EXPENSE LIMITATION AGREEMENT FOR ULTIMUS MANAGERS TRUST
THIS AGREEMENT, dated as of June 5, 2012, is made and entered into by and between the Ultimus Managers Trust, an Ohio business trust (the “Trust”), on behalf of each series of the Trust set forth on Schedule A attached hereto (individually a “Fund” and collectively the “Funds”), and Cincinnati Asset Management, Inc. (the “Adviser”).
WHEREAS, the Trust is registered under the Investment Company Act of 1940, as amended (the “1940 Act”); and
WHEREAS, the Adviser has been appointed the investment adviser of each of the Funds pursuant to an Investment Advisory Agreement between the Trust, on behalf of the Funds, and the Adviser (the “Advisory Agreement”); and
WHEREAS, the Trust and the Adviser desire to enter into the arrangements described herein relating to certain expenses of the Funds; and
WHEREAS, the Funds may, from time to time, invest in affiliated or unaffiliated money market funds or other investment companies such as exchange-traded funds (“ETFs”), such underlying investments collectively referred to herein as “Acquired Funds”;
NOW, THEREFORE, the Trust and the Adviser hereby agree as follows:
1. The Adviser agrees, subject to Section 2 hereof, to reduce the fees payable to it under the Advisory Agreement (but not below zero) and/or reimburse other expenses of the Funds, during the period ending October 1, 2015, to the extent necessary to limit the total operating expenses of each class of shares of each Fund (exclusive of brokerage costs, taxes, interest, costs to organize the Funds, Acquired Fund fees and expenses, extraordinary expenses such as litigation and merger or reorganization costs and other expenses not incurred in the ordinary course of such Fund’s business, and amounts, if any, payable pursuant to a plan adopted in accordance with Rule 12b-1 under the 1940 Act), to the amount of the “Maximum Operating Expense Limit” applicable to each such class of shares as set forth across from the name of each respective class of each Fund on the attached Schedule A.

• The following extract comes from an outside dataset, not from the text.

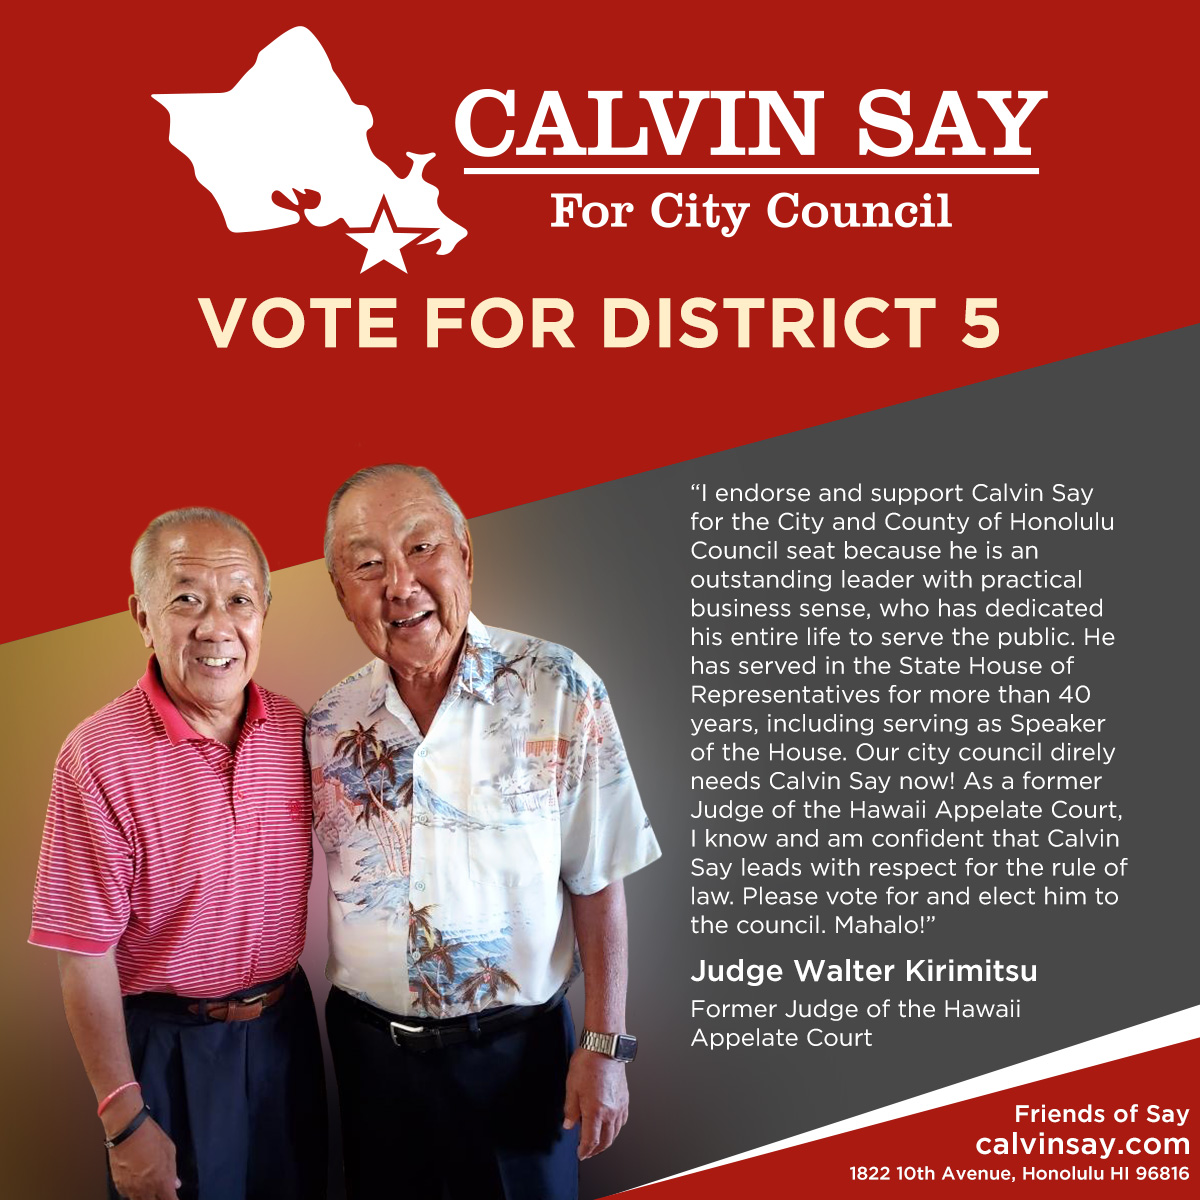 Judge Walter Kirimitsu's kind message in support of Speaker Emeritus Calvin K.Y. Say for Honolulu City Council District V.

2. Each Fund agrees to pay to the Adviser the amount of fees (including any amounts foregone through limitation or reimbursed pursuant to Section 1 hereof) that, but for Section 1 hereof, would have been payable by the Fund to the Adviser pursuant to the Advisory Agreement or which have been reimbursed in accordance with Section 1 (the “Deferred Fees”), subject to the limitations provided in this Section. Such repayment shall be made monthly, but only if the operating expenses of the Fund (exclusive of brokerage costs, taxes, interest, costs to organize the Funds, Acquired Fund fees and expenses, extraordinary expenses such as litigation and merger or reorganization costs and other expenses not incurred in the ordinary course of such Fund’s business, and amounts, if any, payable pursuant to a plan adopted in accordance with Rule 12b-1 under the 1940 Act), without regard to such repayment, are at an annual rate (as a percentage of the average daily net assets of the Fund) equal to or less than the “Maximum Operating Expense Limit” for each respective class of shares of the Fund, as set forth on
Schedule A. Furthermore, the amount of Deferred Fees paid by a Fund in any month shall be limited so that the sum of (a) the amount of such payment and (b) the other operating expenses of the Fund (exclusive of brokerage costs, taxes, interest, costs to organize the Funds, Acquired Fund fees and expenses, extraordinary expenses such as litigation and merger or reorganization costs and other expenses not incurred in the ordinary course of such Fund’s business, and amounts, if any, payable pursuant to a plan adopted in accordance with Rule 12b-1 under the 0000 Xxx) do not exceed the above-referenced “Maximum Operating Expense Limit” for each respective class of shares of a Fund.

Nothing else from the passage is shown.